Riverside’s one and only pizza joint, Prestello’s, will be pulling up stakes and moving to Forest Park at the end of April.

Owner Valerie Presto confirmed the move last week, saying the new Prestello’s Pizza should be open by the first week of May at 7510 W. Madison St., formerly home to a gelato store.

“It’s bigger and there’s so much more foot traffic. It’s such a big, big thing,” said Presto of the new location, which is on a street lined by bars, restaurants and niche retailers. There’s also no other pizza place on the Madison Street strip.

Presto and Dannette Massarello opened their doors just a year ago under the name Urban Leaf and Bean Café, a specialty coffee/tea shop, in the Arcade Building at 1 Riverside Road.

Last December, they added the pizza dimension to the business and said they hoped to expand the Italian food offerings in order to make Prestello’s a family-style restaurant. The kitchen space in the Arcade Building is very small, however.

“We’re always bumping into each other,” she said. “It’s not enough room.”

The business will leave the Arcade Building by April 30, when its lease expires.

The Forest Park space has a much bigger kitchen, in addition to a furnished dining area and, of course, the ice cream machine left by the previous tenant.

Presto said she hopes Prestello’s will become a place where families come for pizza and Italian cuisine. The business won’t have a liquor license, at least for now.
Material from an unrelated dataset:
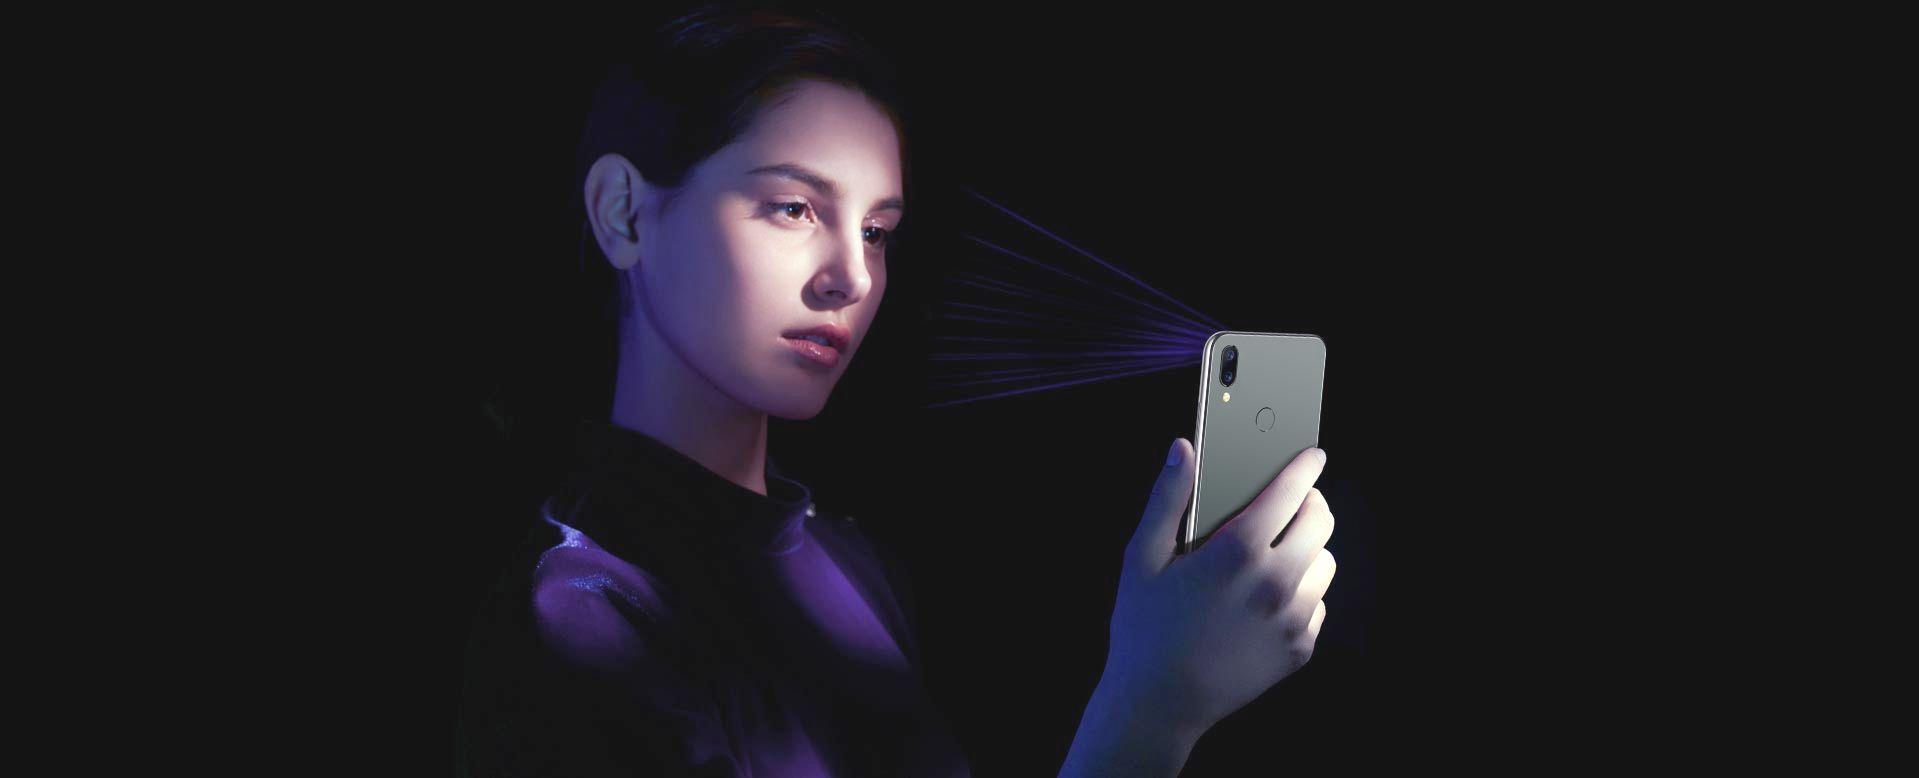 Avec l'Umidigi A3S, Umidigi nous propose l'un des téléphones les moins chers sur le marché avec des caractéristiques, frôlant la la catégorie moyen de gamme.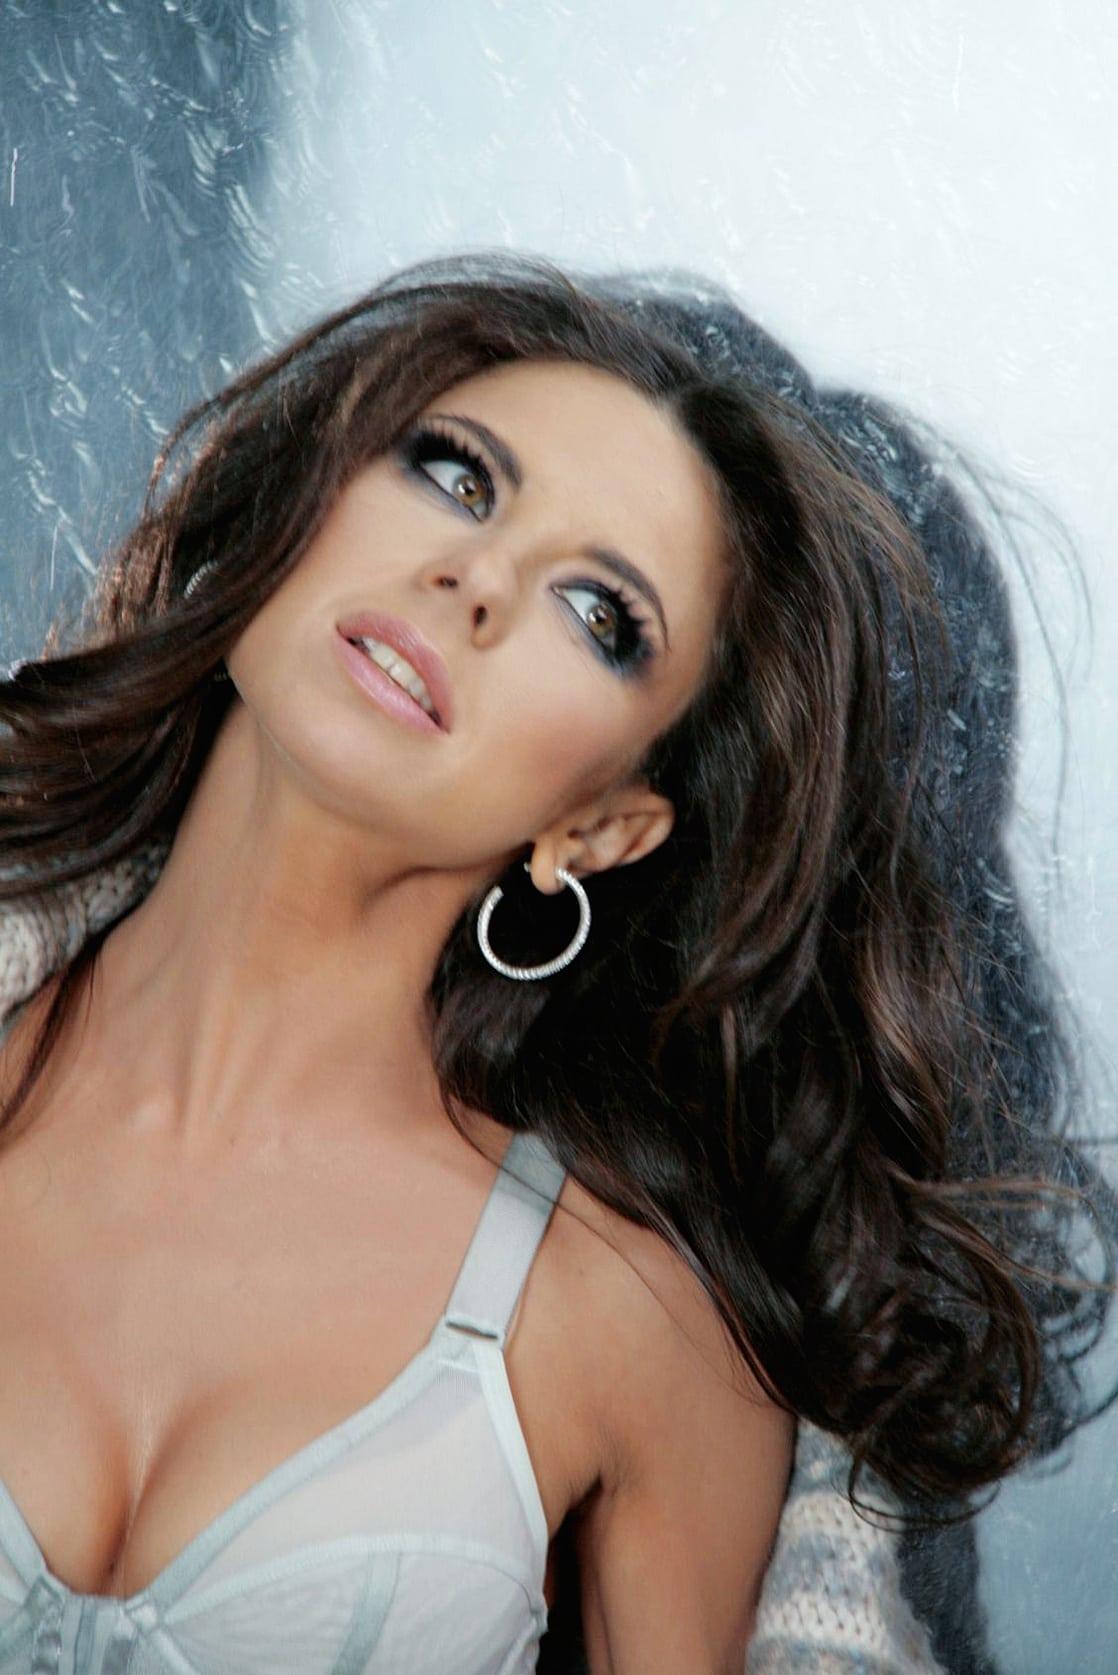 Hot Anna Pletneva nude photos 2019

The coffee/tea shop concept won’t be moving to Forest Park with them.

However, the Urban Leaf and Bean/Prestello’s space in the Arcade Building might not be vacant for too long.

The building’s owner is in lease negotiations with a bakery business, which specializes in gluten-free products, according to Adriana Meadath, one of the partners in the business.

Meadath a classically trained pastry chef, says Flur Pastries is seeking to use not only the corner space being used presently, but also to expand into the space immediately north. The business would include a small retail component, but most of the space would be focused on a wholesale operation.

A resident of Stickney, Meadath said she and her two partners expect to have a lease as well as architectural plans finalized this week. If all goes well, she said, the business might be open by the end of May.

Meadath, who has worked as a pastry chef at the Peninsula Hotel in Chicago, previously operated a more traditional pastry catering business online. But she is working to change the business’ website to reflect the new gluten-free model.

According to the present website, the business’ name “is a homonym, and has the double meaning of ‘flour’ and ‘flower’ in Scottish Gaelic. We chose it for its simplicity and uniqueness, as well as its meaning as it relates to pastry and something beautiful.”